RECORDED INFORMATION =
__________

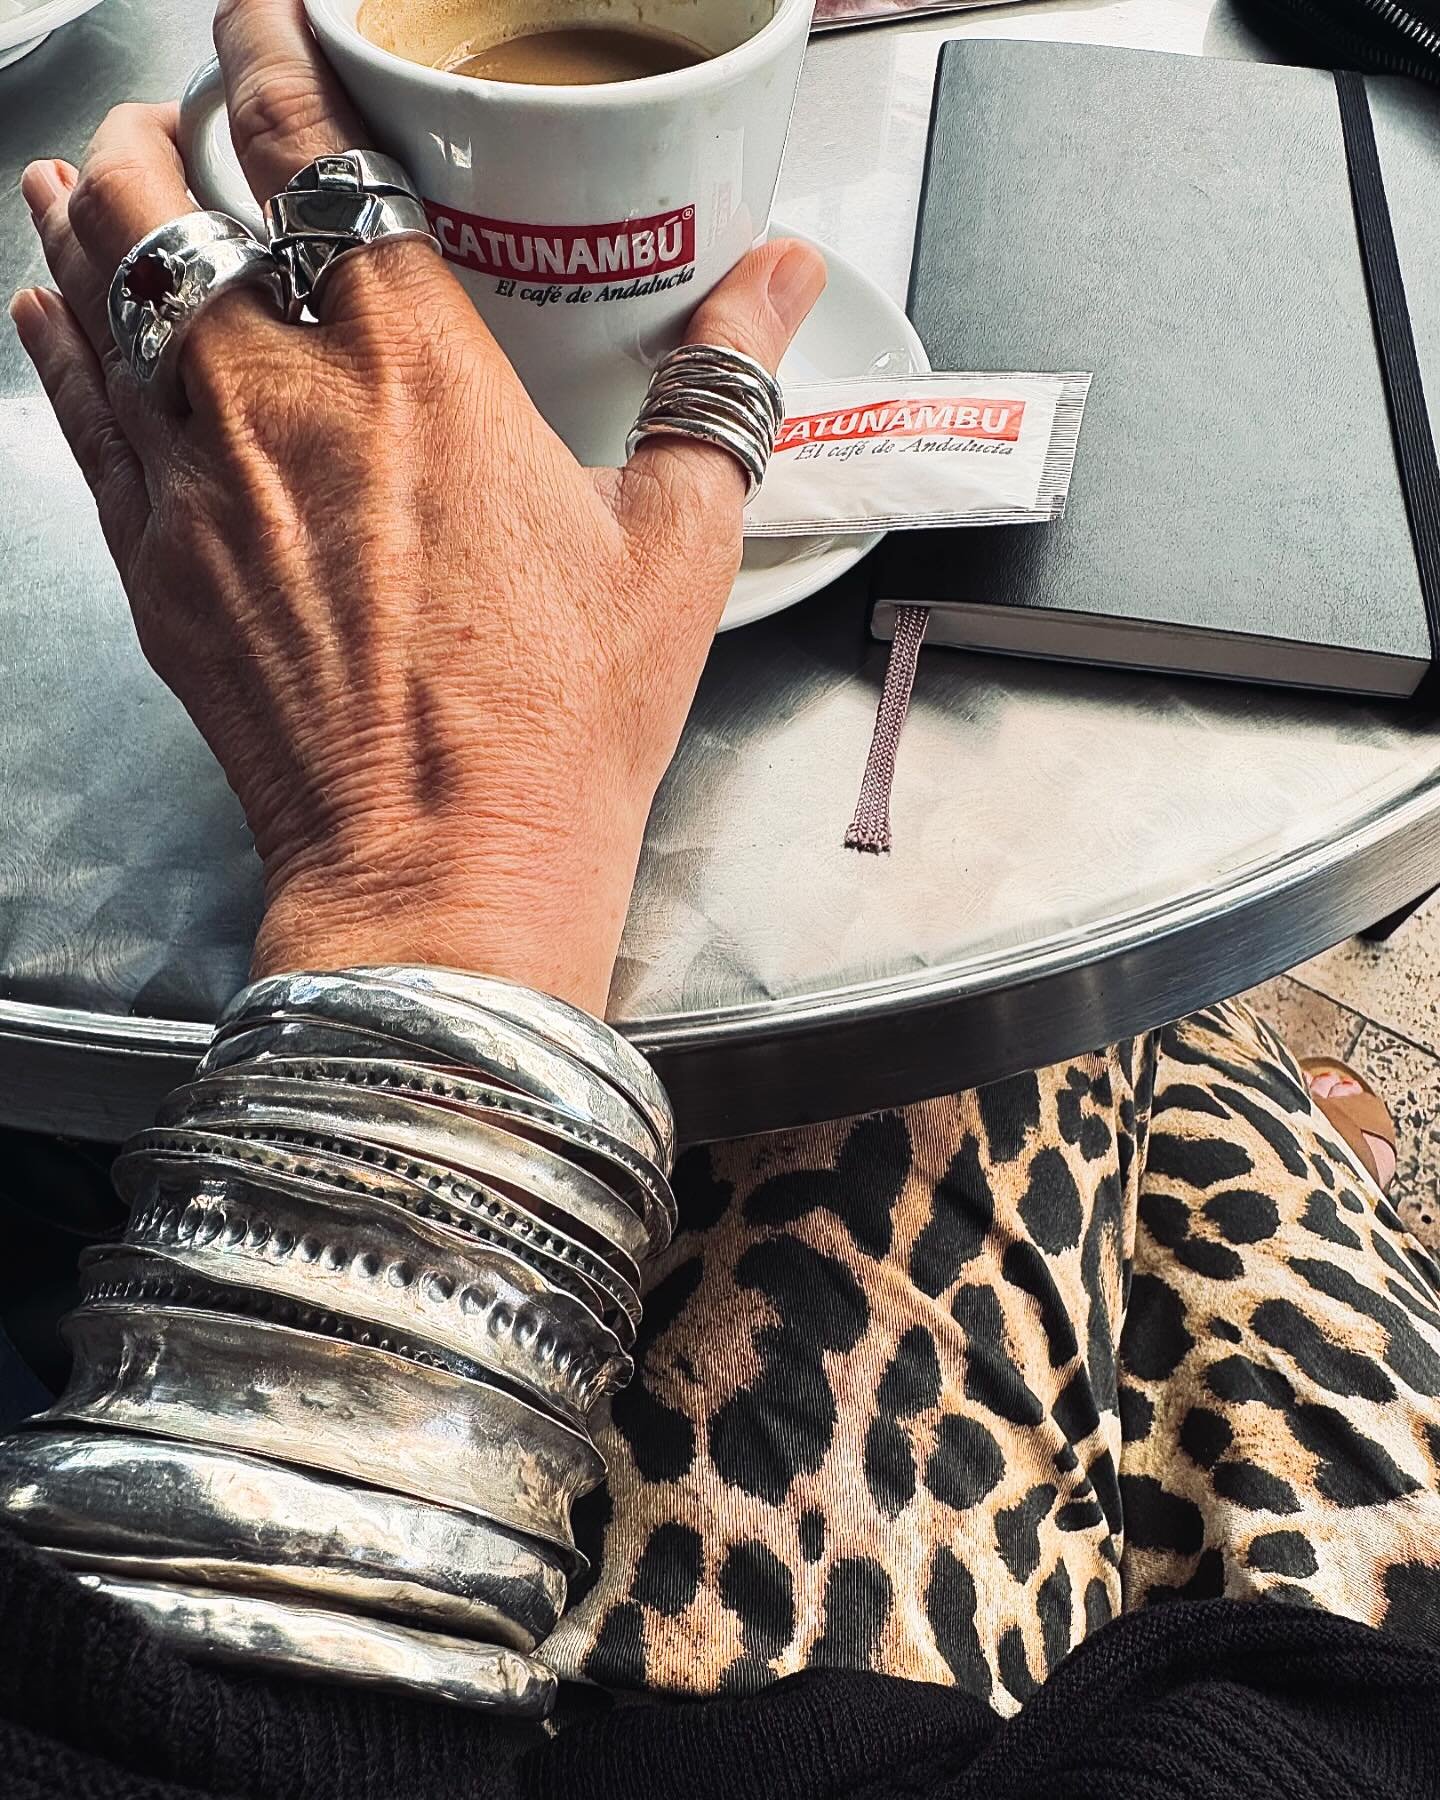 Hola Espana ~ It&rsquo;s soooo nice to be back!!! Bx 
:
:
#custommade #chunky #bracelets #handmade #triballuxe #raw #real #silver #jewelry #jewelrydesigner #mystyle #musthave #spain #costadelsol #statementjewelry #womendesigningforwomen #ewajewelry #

__________

TASK TO COMPLETE = Please return the material above unchanged, with every picture removed.

RESPONSE TO THE TASK =
 Hola Espana ~ It&rsquo;s soooo nice to be back!!! Bx 
:
:
#custommade #chunky #bracelets #handmade #triballuxe #raw #real #silver #jewelry #jewelrydesigner #mystyle #musthave #spain #costadelsol #statementjewelry #womendesigningforwomen #ewajewelry #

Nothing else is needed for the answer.